Though electronic cigarettes have been proved by multiple scientific studies to be the most effective method for weaning off of cigarette smoking, the Canadian legislature seems to have another opinion of the fairly new form of water vapor smoking today. Institutions like the Royal College of Physician have put out reports, ‘Nicotine without smoke: tobacco harm reduction’ that prove e-cigarettes are likely to be beneficial to the greater UK public health.
The proof is there, but what about the Canadian legislature’s interpretation of the facts and information we know about vaping today?
This past spring, the Senate put forth a bill, S-5, that would, if passed and enacted into law, restrict the promotion of electronic cigarettes as a reliable ‘tobacco cessation method.’ Put simply: this bill wants to curtail the amount of media and articles stating that e-cigarettes have health-related benefits that appeals to smokers.
Senator Jane Cordy, reported by Canadian Unerwriter, stated, “The reality is that it is impossible to know the long-term effects of vaping or the effects of inhaling vapor and particularly vapor containing nicotine at this point in time.” She recorded these statements on May 18, 2017 during the third debate on Bill S-5. If passed, S-5 would amend the Non-Smokers’ Health Act and the Tobacco Act.
Bill S-5 Provisions
This bill aims to prohibit the promotion of vaping in a manner that could persuade a person into thinking vaping is actually beneficial for their health in the short and long term. However, there is one notable exception: doctor’s can recommend the vapor pens as an alternative for weaning off of cigarettes today. The government wants to limit the promotion of e-cigarettes as something that can be safely and healthily pursued by non-smokers looking to get into smoking.
Additionally, the bill would regulate vaping products based on the criteria already set forth by the Food and Drugs Act, Tobacco Act, and the Canada Consumer Product Safety Act. Senator Petitclerc, during a debate on the bill in December 2016, stated that, “Vaping products that contain nicotine or which are claimed to have a therapeutic benefit must be approved by the Health Canada before they can be sold.”

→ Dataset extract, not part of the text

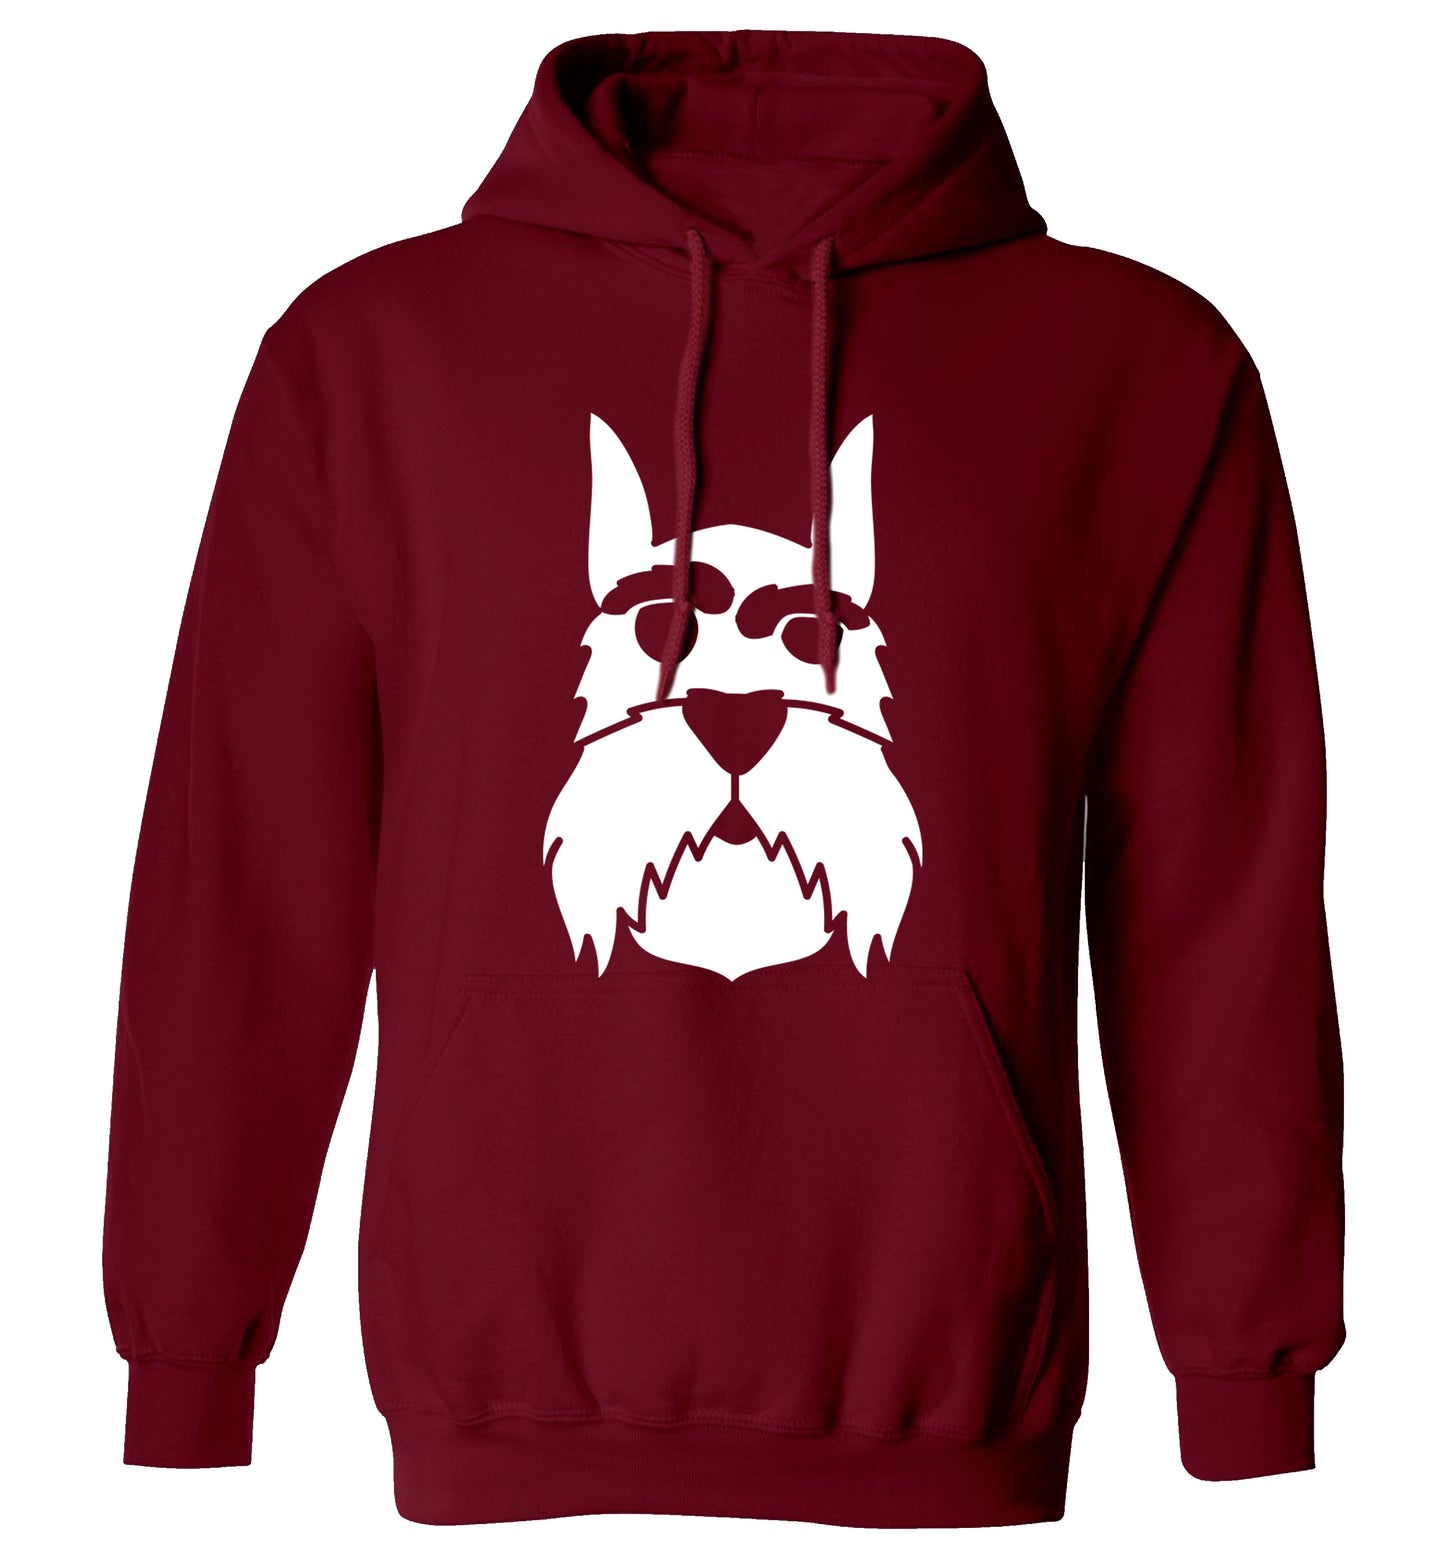 Schnauzer dog illustration adults unisex maroon hoodie 2XL

Lastly, the bill prohibits advertising vaporizers in a way that could be appealing to youth. With the nitrosamines, nicotine infusions, and other elements to the e-juice that makes it a viable alternative for cigarette smokers, representatives argue it is not fit for teenagers.
The S-5 Debate
Ultimately, the debate comes down to the composition of e-juices and what goes into them. Some distributors are more transparent about their juices than others, with some organic juices containing simply nicotine, vapor, flavoring, and a few “harmless” chemicals, deemed so by the Food and Drugs Act. Other juices come with their fair share of chemicals that can be closely associated with carcinogens, or cancer-inducing compounds.
Everyone seems to be in agreement that e-cigarettes are the best option for smokers looking to wean off of cigarettes, and S-5 clearly protects that portion of their usage.